To measure DNA synthesis, cells were seeded in triplets in 96-well cell culture plates (Corning Inc, Corning, NY, USA) at a density of 2 × 104 cells per well in RPMI supplemented with 0.1% BSA and cytokines as indicated. ANBL-6, IH-1,INA-6 and OH-2 were pulsed with 0.75 μCi methyl-[3H]-thymidine (NEN Life Science products, Boston, MA, USA) after 30 h of stimulation with cytokines and harvested 18 h later using a Micromate 96-well harvester (Packard, Meriden, CT, USA). CAG, JJN-3, RPMI-8226 and U-266 were pulsed with 0.75 μCi methyl-[3H]-thymidine for 4 h after 24 h of stimulation. Beta-radiation was measured with Matrix 96 counter (Packard).

Immunohistochemistry

Sections (4 μm) of formalin-fixed bone marrow biopsies were prepared and visualized as previously described (32). The sections were incubated with a monoclonal antibody specific for Bcl-3 (clone 1E8, Novocastra, Newcastle upon Tyne, UK) at a dilution of 1 : 25. Parallel sections were stained with anti CD138 (Dako, code no. M7228, clone MI 15, dilution 1 : 100). Only CD138+ cells were considered and the biopsies were defined as Bcl3+ when ≥20% of the CD138+ cells was stained.

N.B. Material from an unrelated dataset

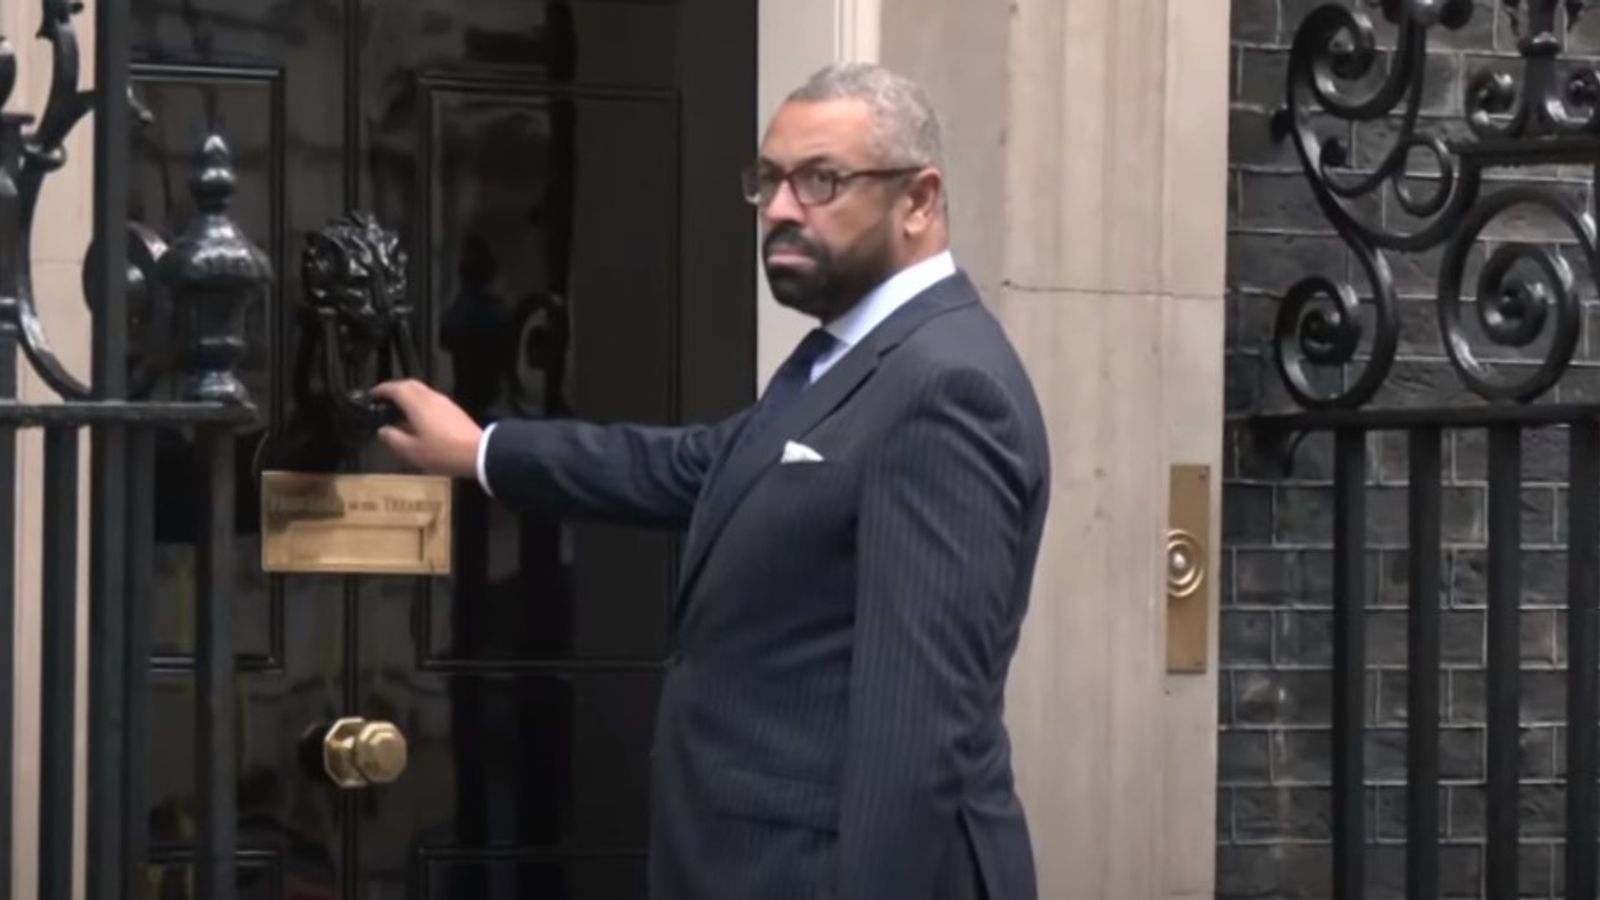 James Cleverly admits calling MP 's***' - but denies calling Stockton-on-Tees a 's***hole', source says

Cytoplasmic immunoglobulin fluorescence in situ hybridization (cIg-FISH)

Cytospin of Lymphoprep-separated (Dynal, Oslo, Norway) bone marrow mononuclear cells from MM patients were fixed in acetic acid/methanol (1:3 v/v, −20°C, 40 min) and air-dried. 5 μL of BCL3 split probe (No.Y5411; DakoCytomation) was applied and the slide was sealed with coverslip and rubber cement. Hybridization was done in a Dako Hybridizer according to the manufacturer’s protocol. The cells were then incubated with 15% goat serum in phosphate buffered saline. Plasma cells were labeled with AMCA (7-amino-4-methylcoumarin-3-acetic acid)-conjugated anti-human IgG against cytoplasmic κ/λ-chains (Vector Laboratories, Burlingame, CA, USA). The slides were air dried in the dark before anti-fade (Vectashield had-set mounting medium without DAPI, Vector Laboratories) was added. The cells were scored as previously described (32). Normal locus was detected as a colocalization of red and green signal, and a split was detected as separate red and green signal.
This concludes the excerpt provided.